Intro to Domain Modeling

In the last lesson, we learned about SQL – its syntax and how the language is used to CRUD data as well as manipulate the design of database tables. When designing database tables from a blank slate, though, how do we get started? What decisions influence what tables and columns will be created? How do we balance a database design that is simple and easy-to-understand, versus one that is most performant? The approach to answering these questions and more is known as domain modeling.

It's Your World

The actual, physical world that is all around us is composed of many, many, billions of objects – living or not – each with their own behavior, attributes, and idiosyncrasies. It's the job of scientists and domain experts to study these objects and the ways in which they interact with each other, and to develop theories and laws to describe their observations, so that we can better understand the way the world works.

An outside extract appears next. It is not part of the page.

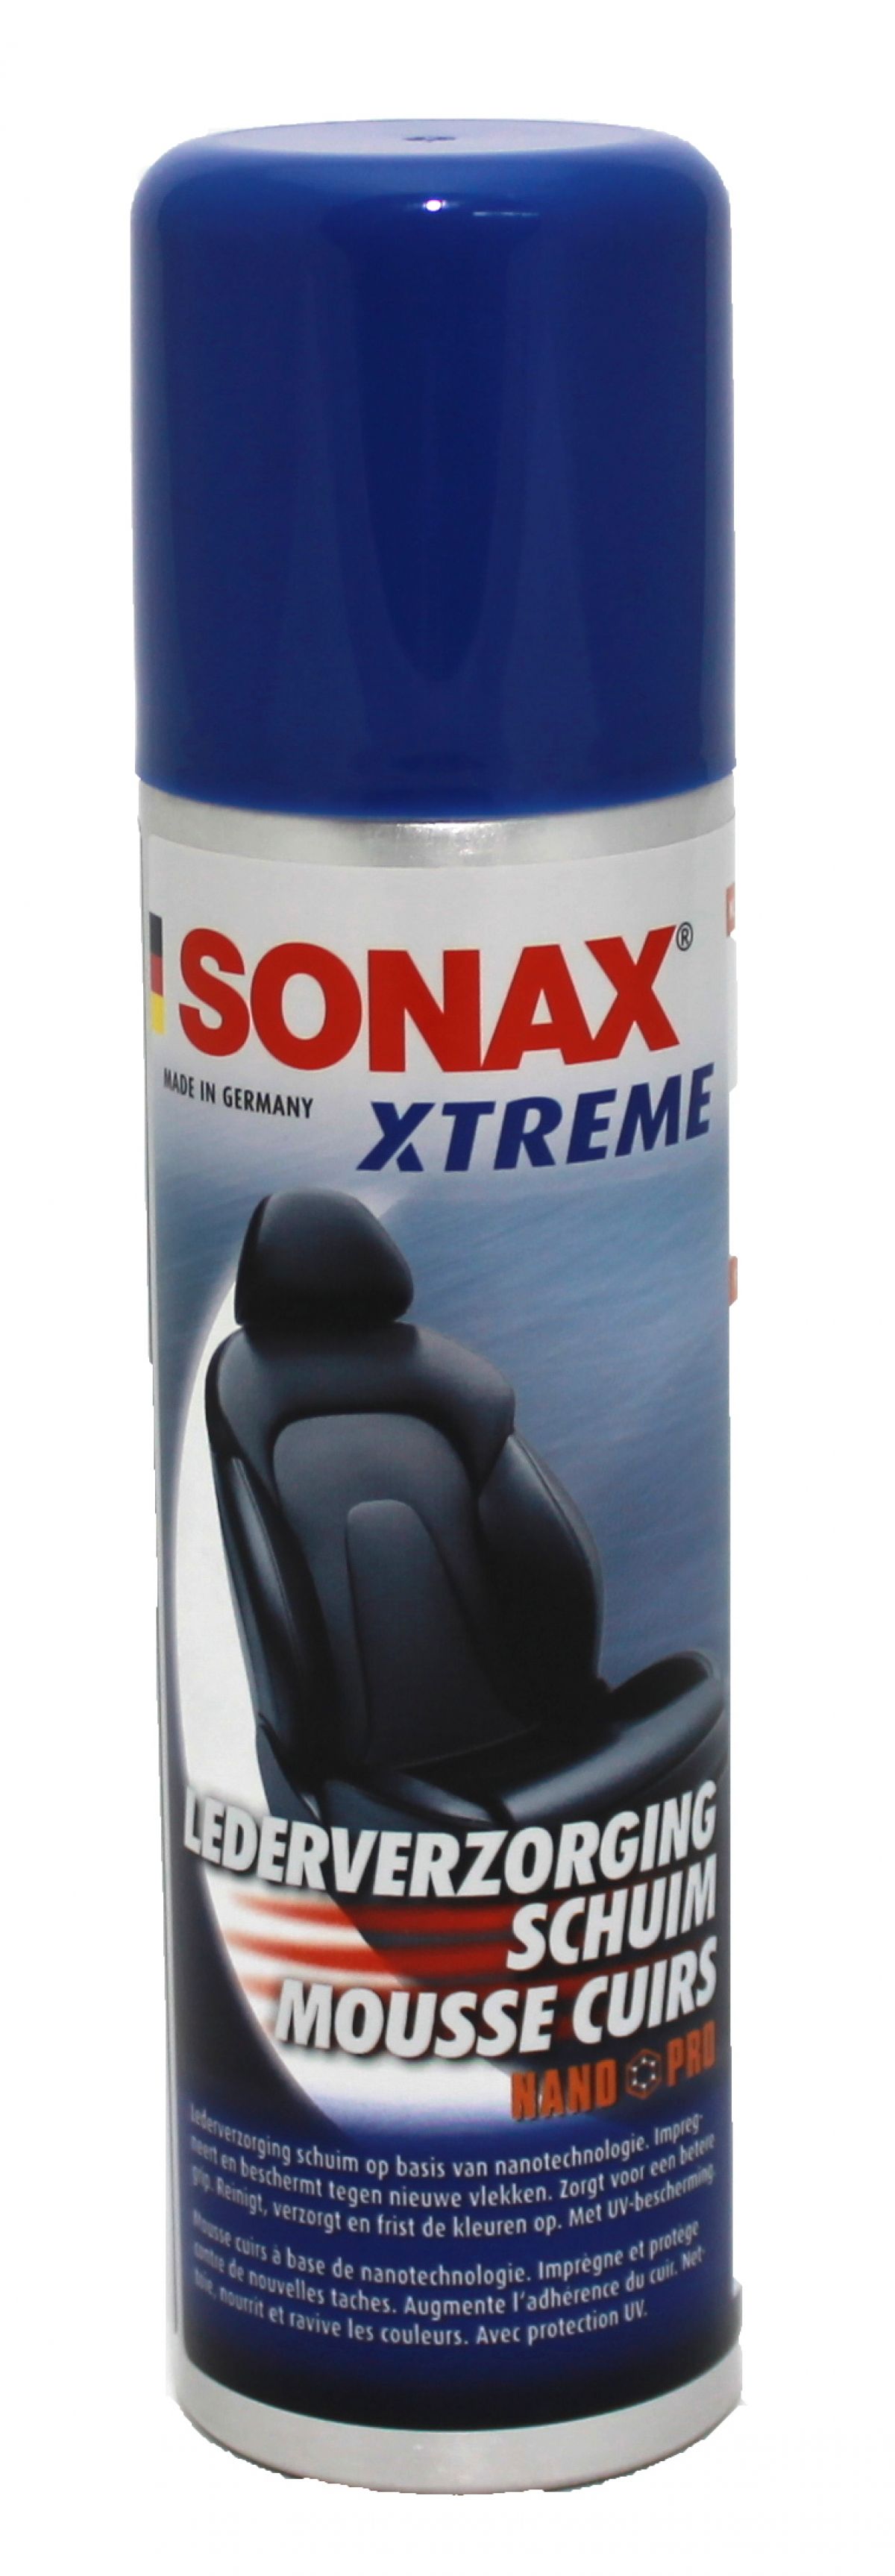 SONAX produit nettoyant pour siège de voiture en cuir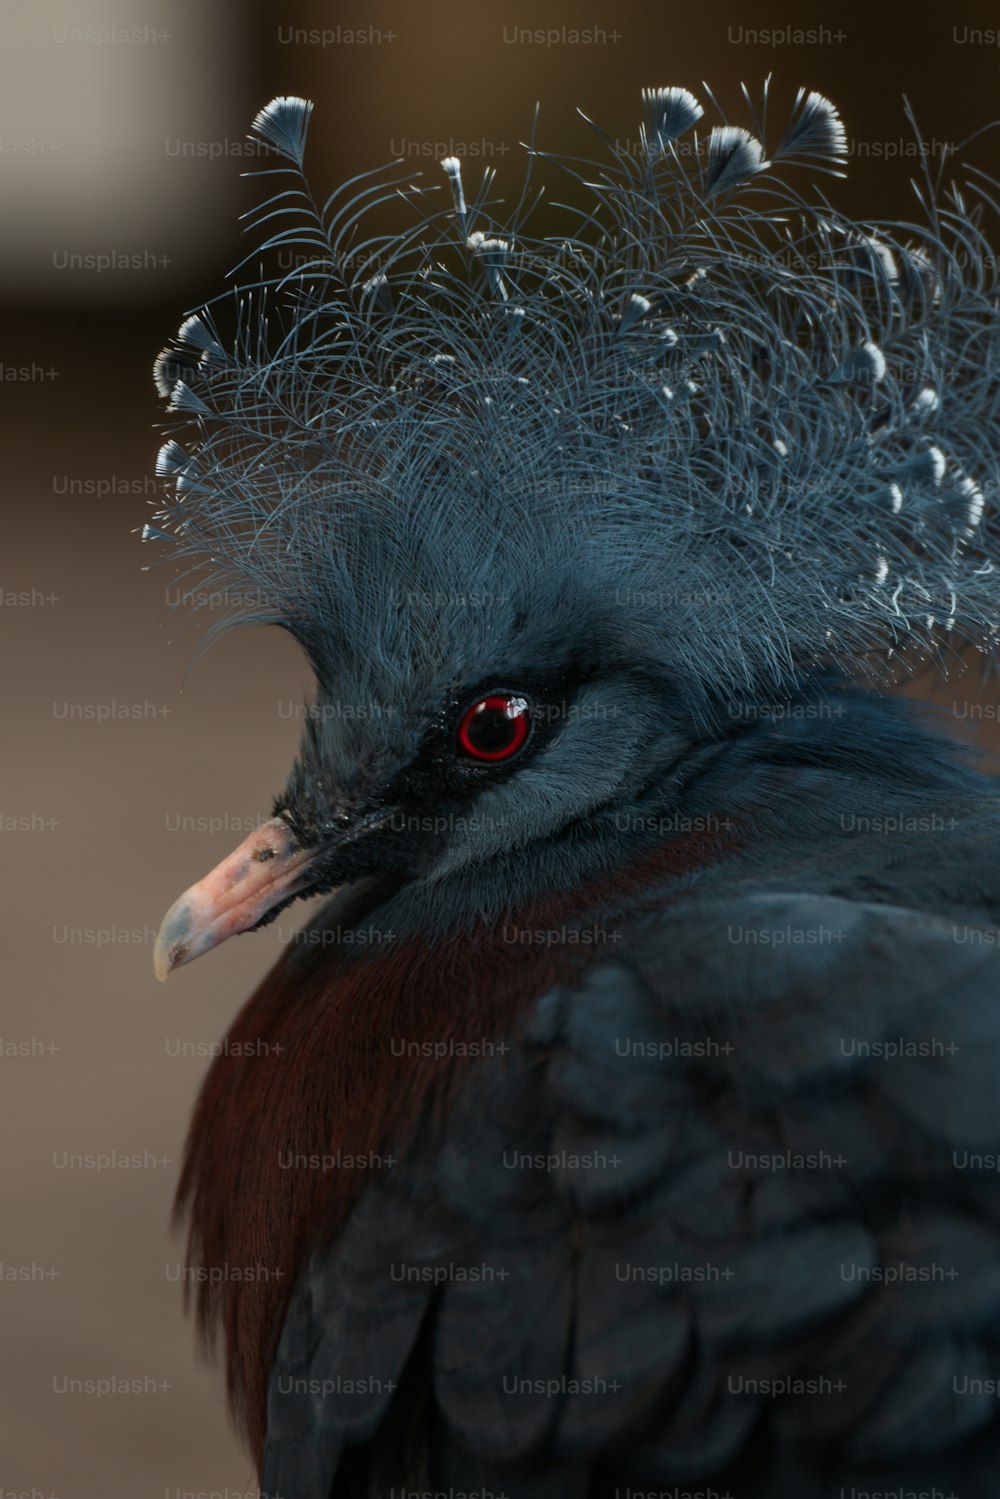 un gros plan d’un oiseau avec des plumes sur la tête

It's all very complicated.

The world of the software we create is not nearly this complex. Everything that exists in this world is entirely up to us. We define what objects live in this world, their attributes and behaviors, and their relationships with one another. The result is a domain model of our own creation, and it can be as simple or as complex we need it to be.

From the Wikipedia article on domain modeling:

A domain model is a system of abstractions that describes selected aspects of a sphere of knowledge, influence or activity (a domain). The model can then be used to solve problems related to that domain. The domain model is a representation of meaningful real-world concepts pertinent to the domain that need to be modeled in software. The concepts include the data involved in the business and rules the business uses in relation to that data. A domain model leverages natural language of the domain.

A domain model generally uses the vocabulary of the domain, thus allowing a representation of the model to be communicated to non-technical stakeholders.

Oof. That's a lot of words. Let's TL;DR this thing. A domain model:

Is a real-world concept (aka domain) represented as software
Contains only the data and rules involved in the domain
Is described using the actual words (i.e. vocabulary) used by those working in the domain

It's important to note that a domain model doesn't need to include everything in the domain – only the pertinent bits we need right now in order to build our system. We can always add more later – it's just a CREATE TABLE statement, right? But how do we determine what is needed right now? Let's take a look at this through the lens of a startup.

Minimum Viable Product (MVP)

Popularized in the early 2000s, most notably by Eric Ries in his book The Lean Startup, the Minimum Viable Product (MVP) approach to building software products has become the de-facto standard in the startup community. There is plenty of in-depth reading and research we can do on the topic, both in-print and online; we're going to give you the highlight reel here.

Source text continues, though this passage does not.